L'Iran rappelle que dans l'accord de Genève, les grandes puissances s'engagent à ne pas lui imposer de nouvelles sanctions pendant six mois, a ainsi affirmé le négociateur iranien Abbas Araghchi, cité par les médias iraniens.

"En vue d'établir une atmosphère de coopération, une telle mesure n'est pas du tout constructive", a-t-il souligné à la télévision d'État. "Nous examinons la situation et nous réagirons de façon appropriée", a-t-il ajouté sans autre précision, au lendemain de l'interruption à Vienne des négociations techniques sur l'application de l'accord.

Le président de la Commission parlementaire des Affaires étrangères, Allaeddine Boroujerdi, est allé plus loin encore. Cité par l'agence Mehr, il a pour sa part dénoncé "une violation flagrante" de l'accord de Genève, estimant que les responsables américains n'étaient pas "dignes de confiance".
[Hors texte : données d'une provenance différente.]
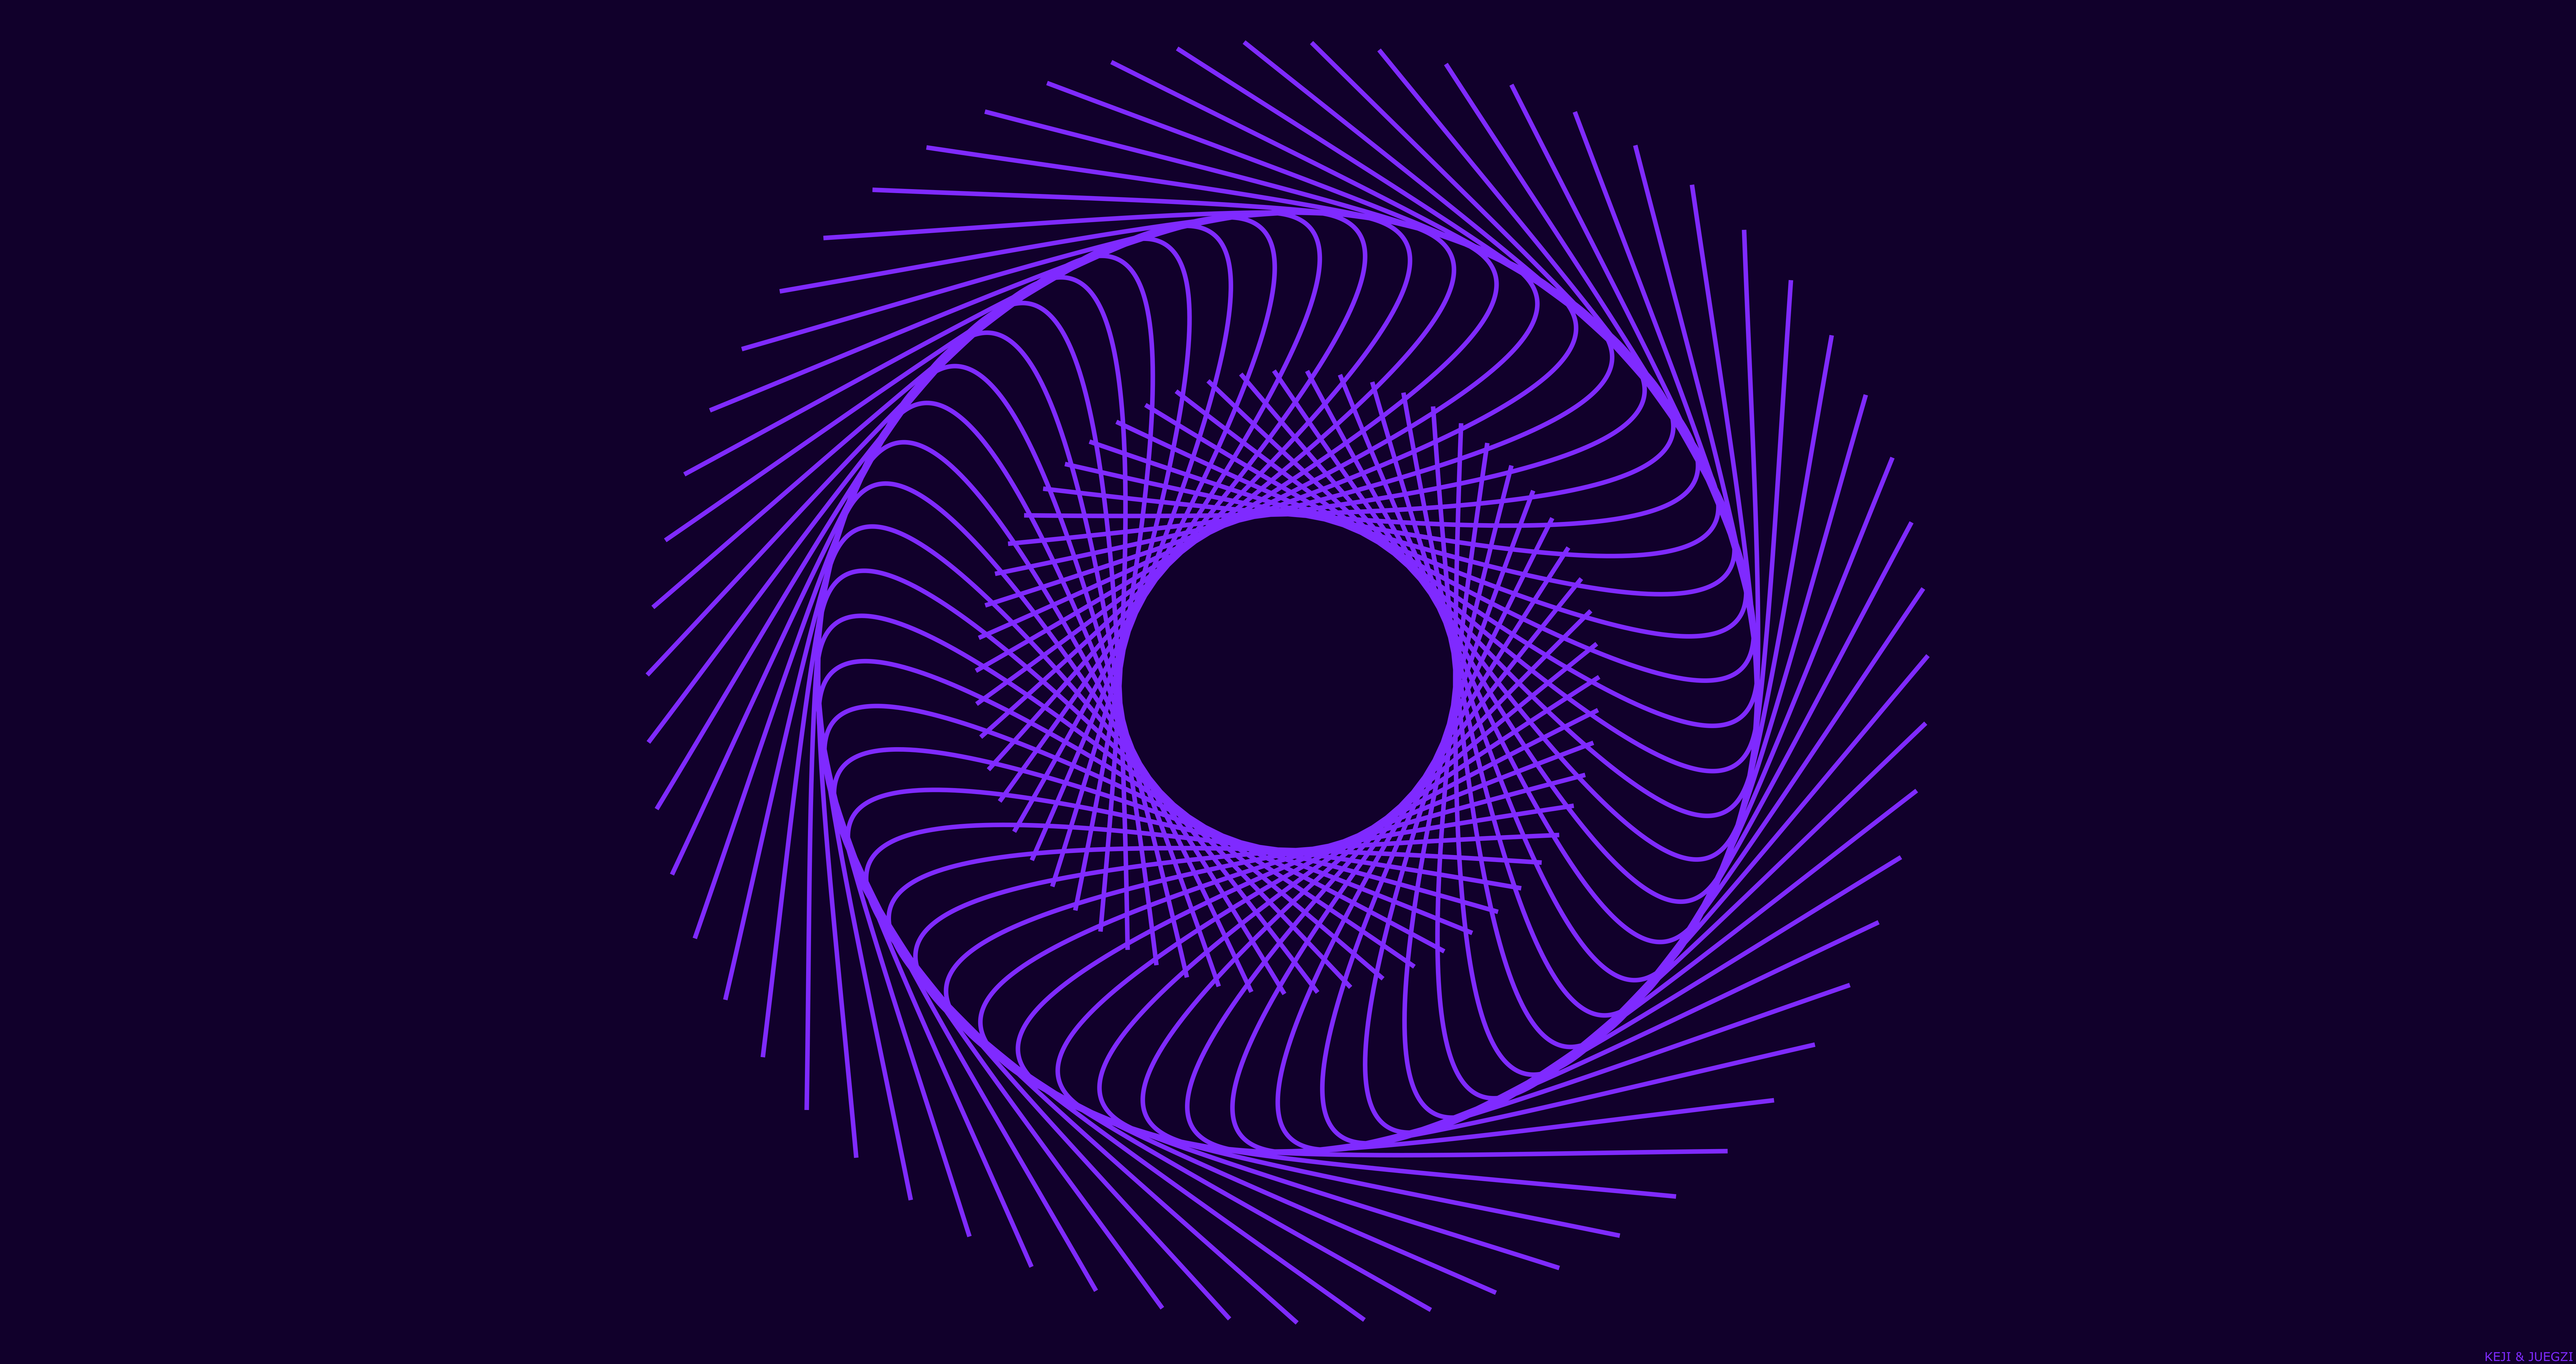 Violet 8k Ultra Fond d'écran HD | Arrière-Plan | 8500x4500 | ID:1012801 - Wallpaper Abyss

Une reprise des négociations dans "les prochains jours"

Minimisant la suspension, le secrétaire d'État américain John Kerry a néanmoins assuré vendredi soir que ces négociations reprendraient "dans les prochains jours",  tout comme un porte-parole de la chef de la diplomatie européenne, Catherine Ashton, qui représente les grandes puissances dans ces négociations.

Selon l'accord, qui vise à donner des garanties à la communauté internationale sur la nature purement pacifique du programme nucléaire de Téhéran, l'Iran doit limiter pendant six mois ses activités nucléaires en échange d'une levée partielle des sanctions occidentales.

L'ONU et l'Union européenne s'engagent également à ne pas imposer de nouvelles sanctions liées au nucléaire pendant cette période, tandis que l'administration américaine doit "éviter" d'en imposer.

Mais de nombreux parlementaires américains, méfiants vis-à-vis des dirigeants iraniens, envisagent de nouvelles sanctions économiques pour forcer Téhéran à signer un accord final qui inclurait l'abandon du droit à l'enrichissement d'uranium.